### Problem:
Please copy the data below exactly; none of the pictures in it belong in the copy.

START Data section

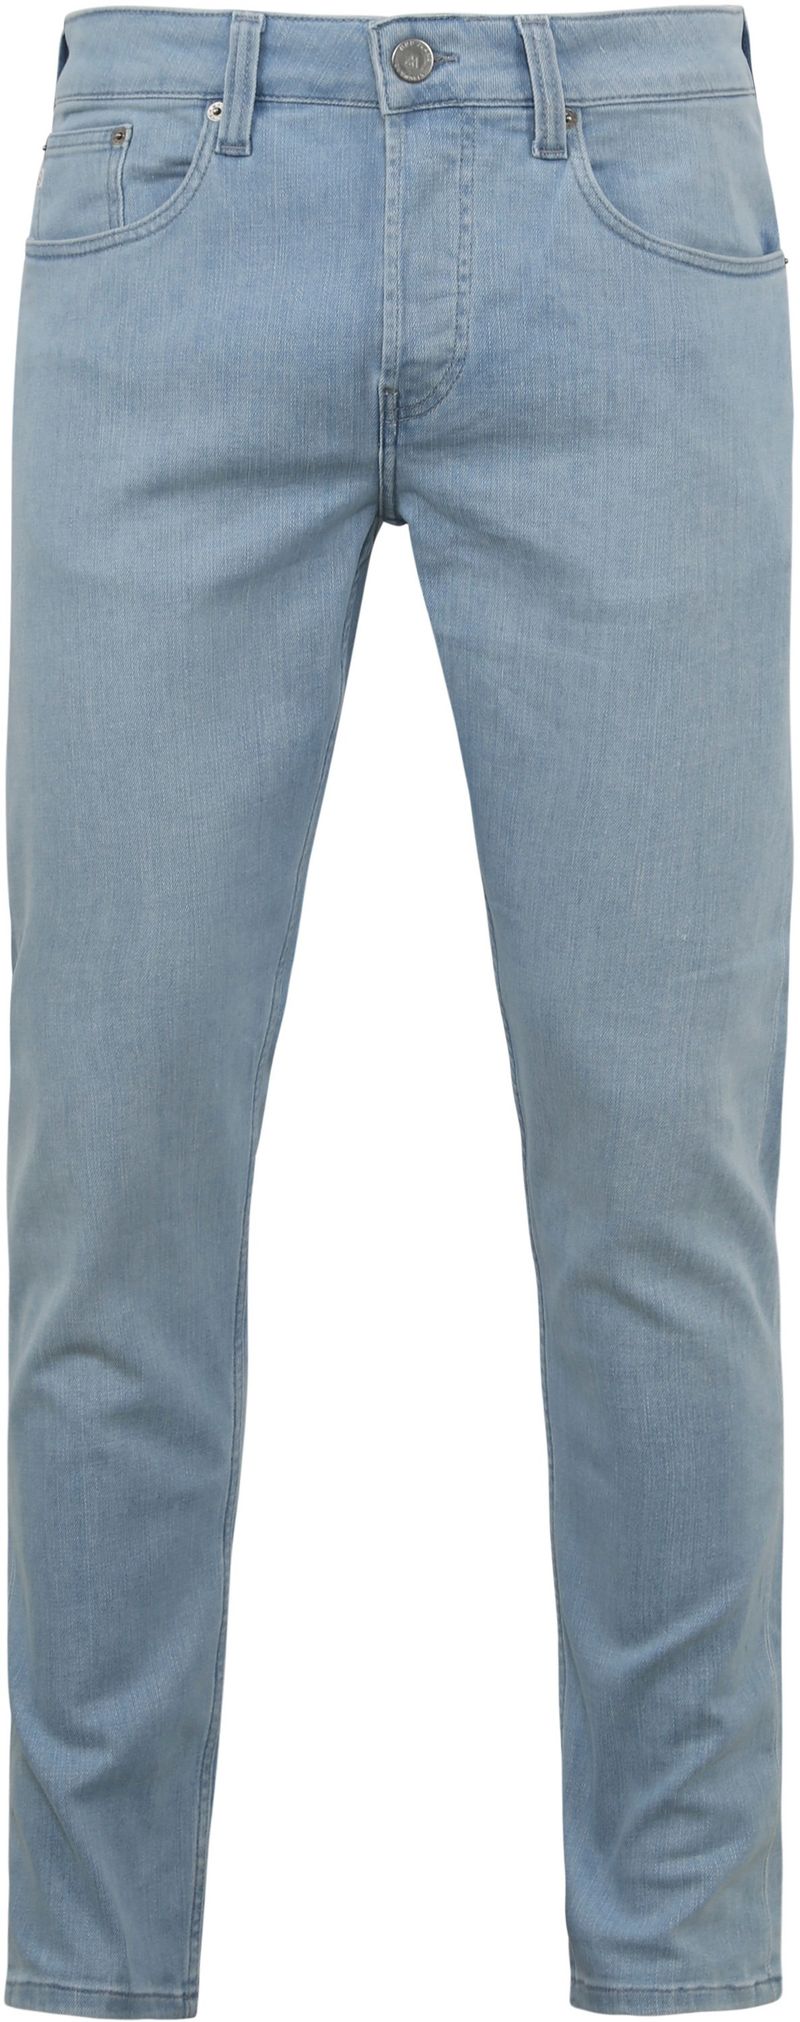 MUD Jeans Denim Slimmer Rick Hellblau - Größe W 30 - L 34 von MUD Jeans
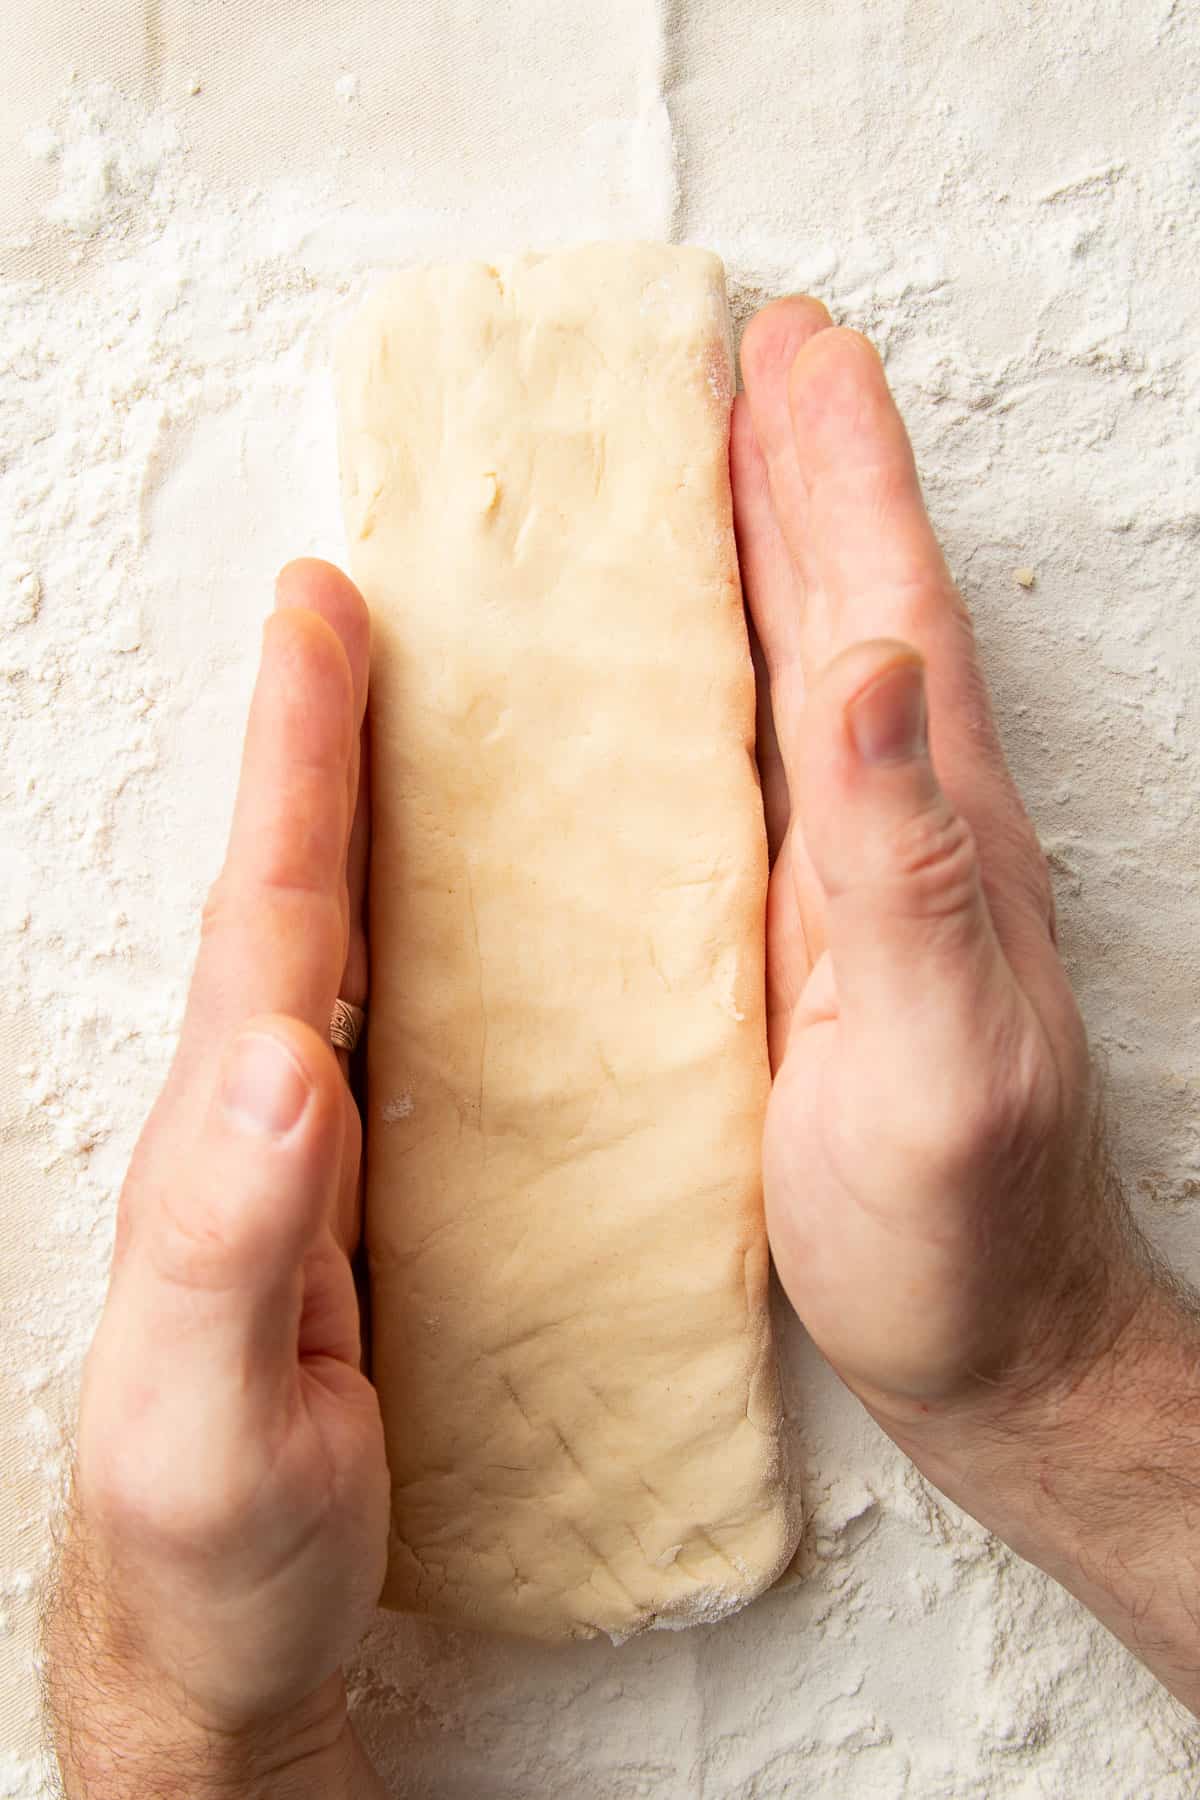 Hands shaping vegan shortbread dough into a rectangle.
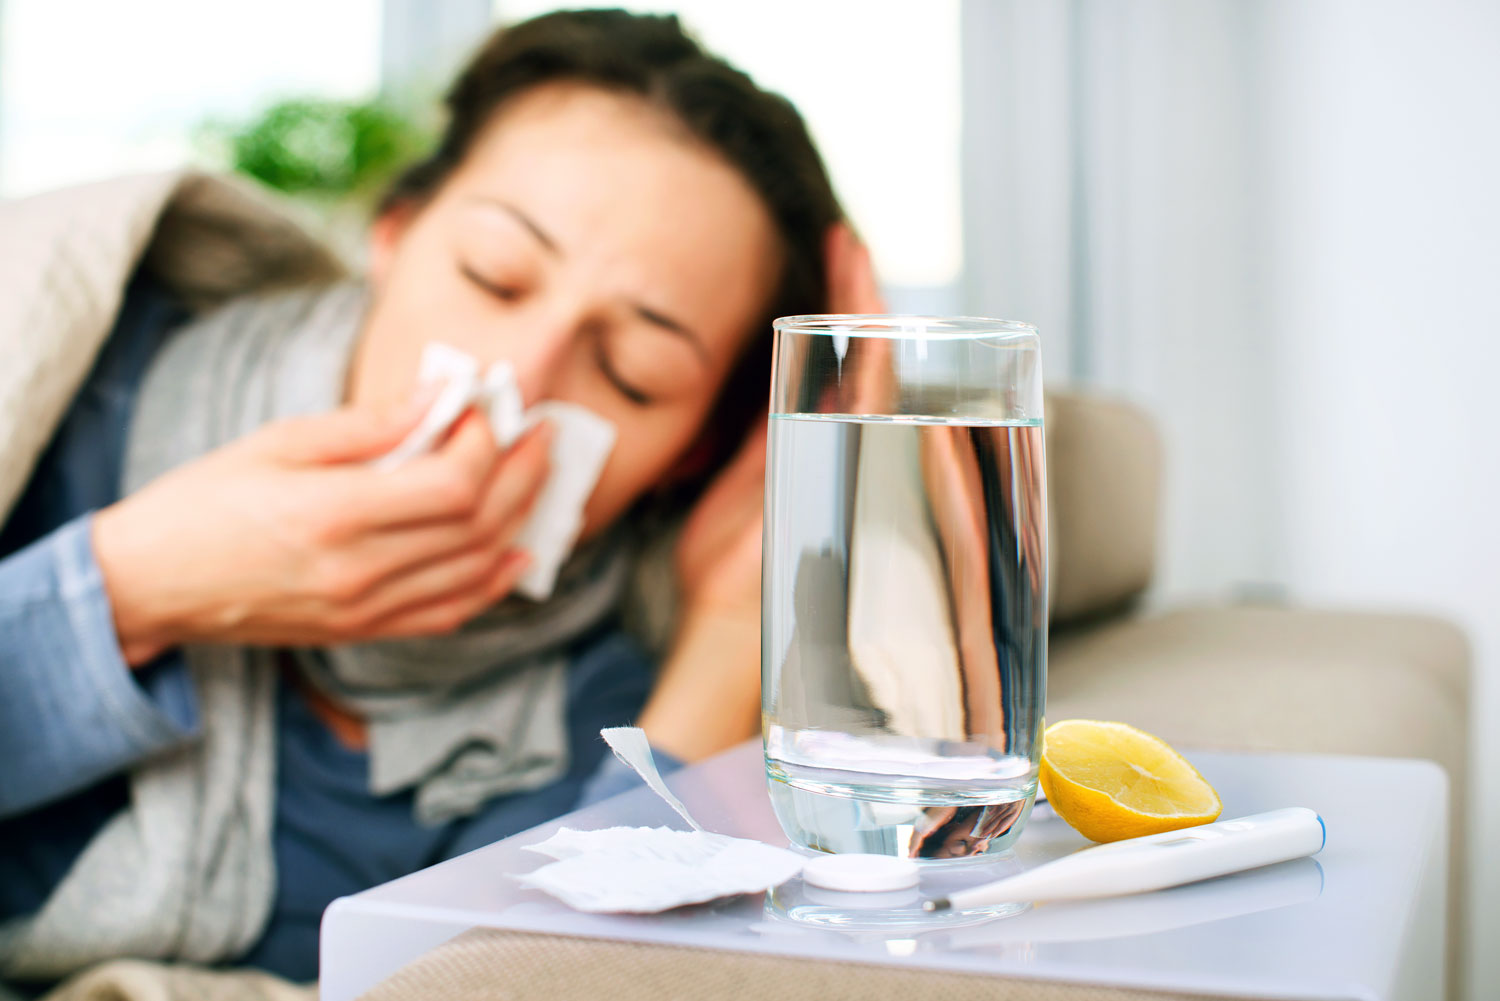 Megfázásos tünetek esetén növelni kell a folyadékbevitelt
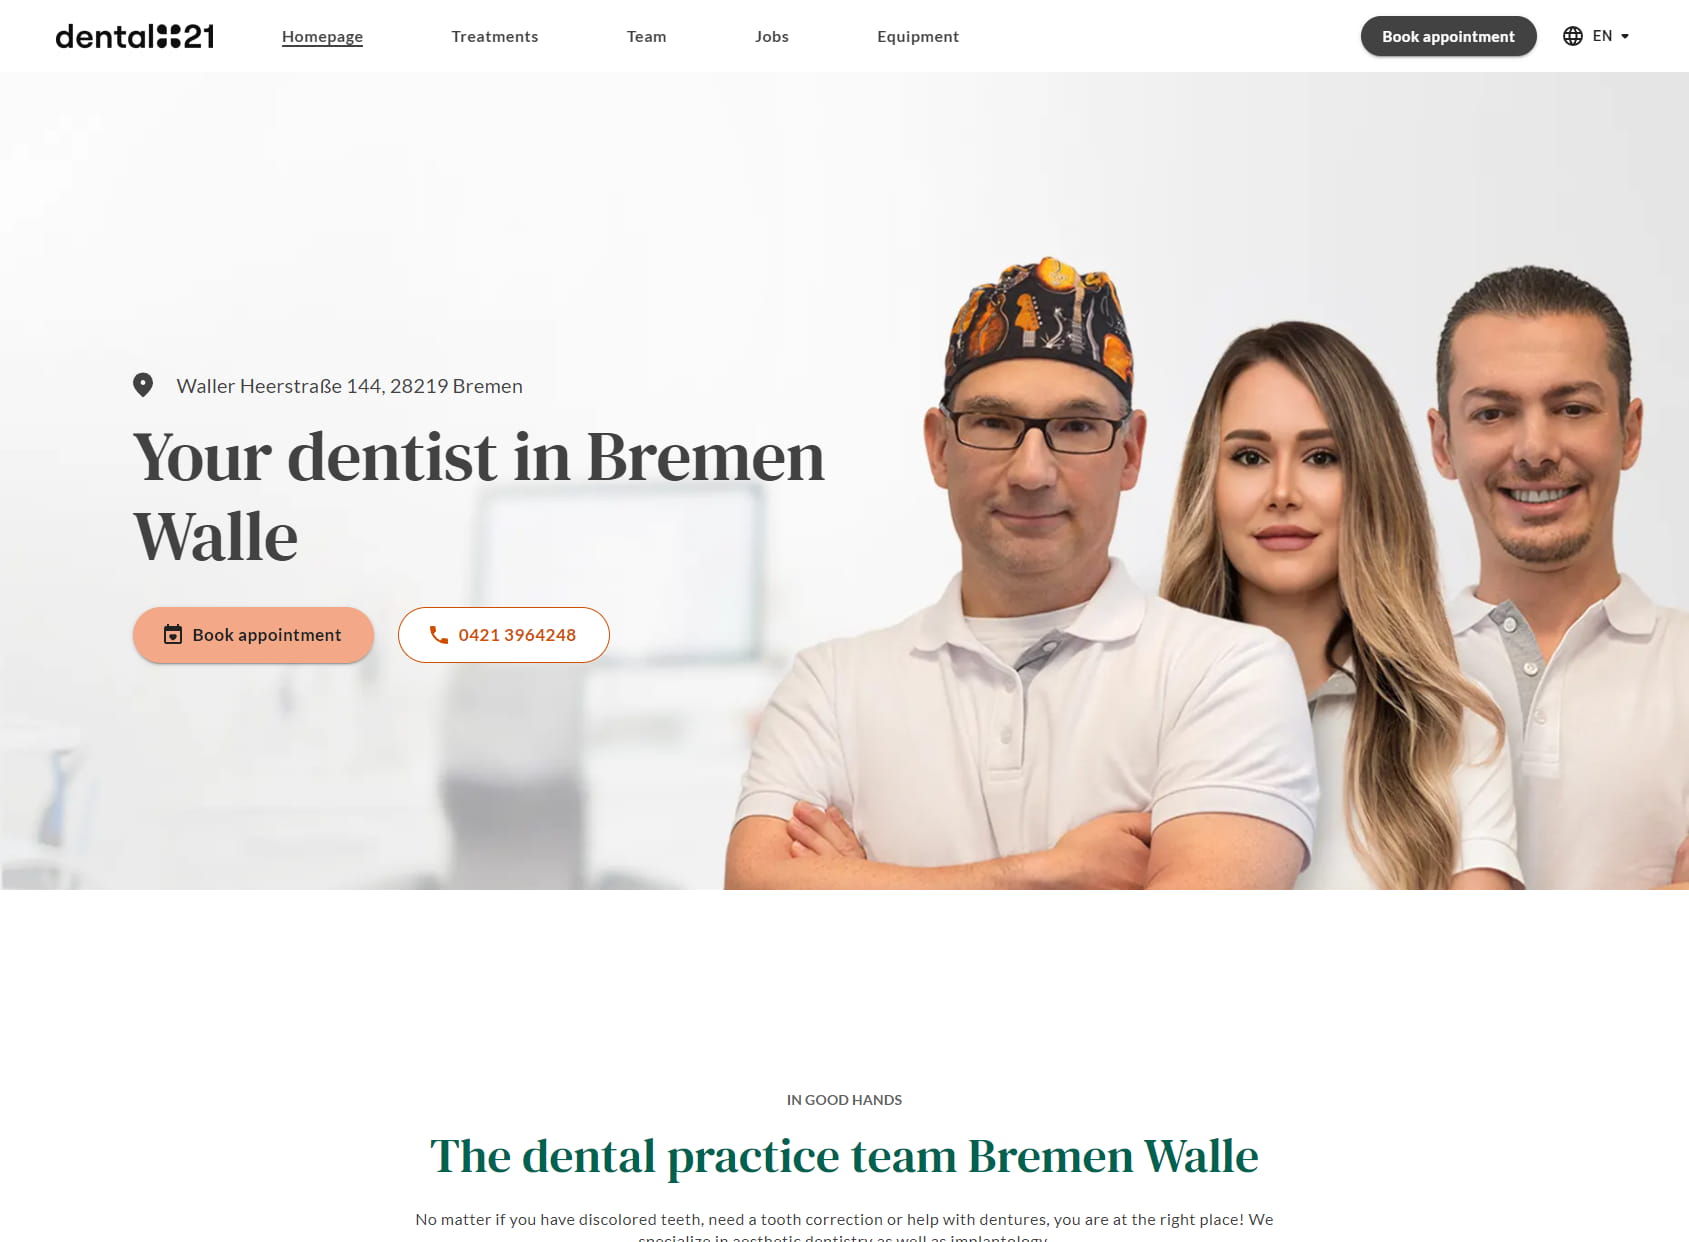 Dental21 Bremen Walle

END Data section

### Task answer:
 MUD Jeans Denim Slimmer Rick Hellblau - Größe W 30 - L 34 von MUD Jeans
 Hands shaping vegan shortbread dough into a rectangle.
 Megfázásos tünetek esetén növelni kell a folyadékbevitelt
 Dental21 Bremen Walle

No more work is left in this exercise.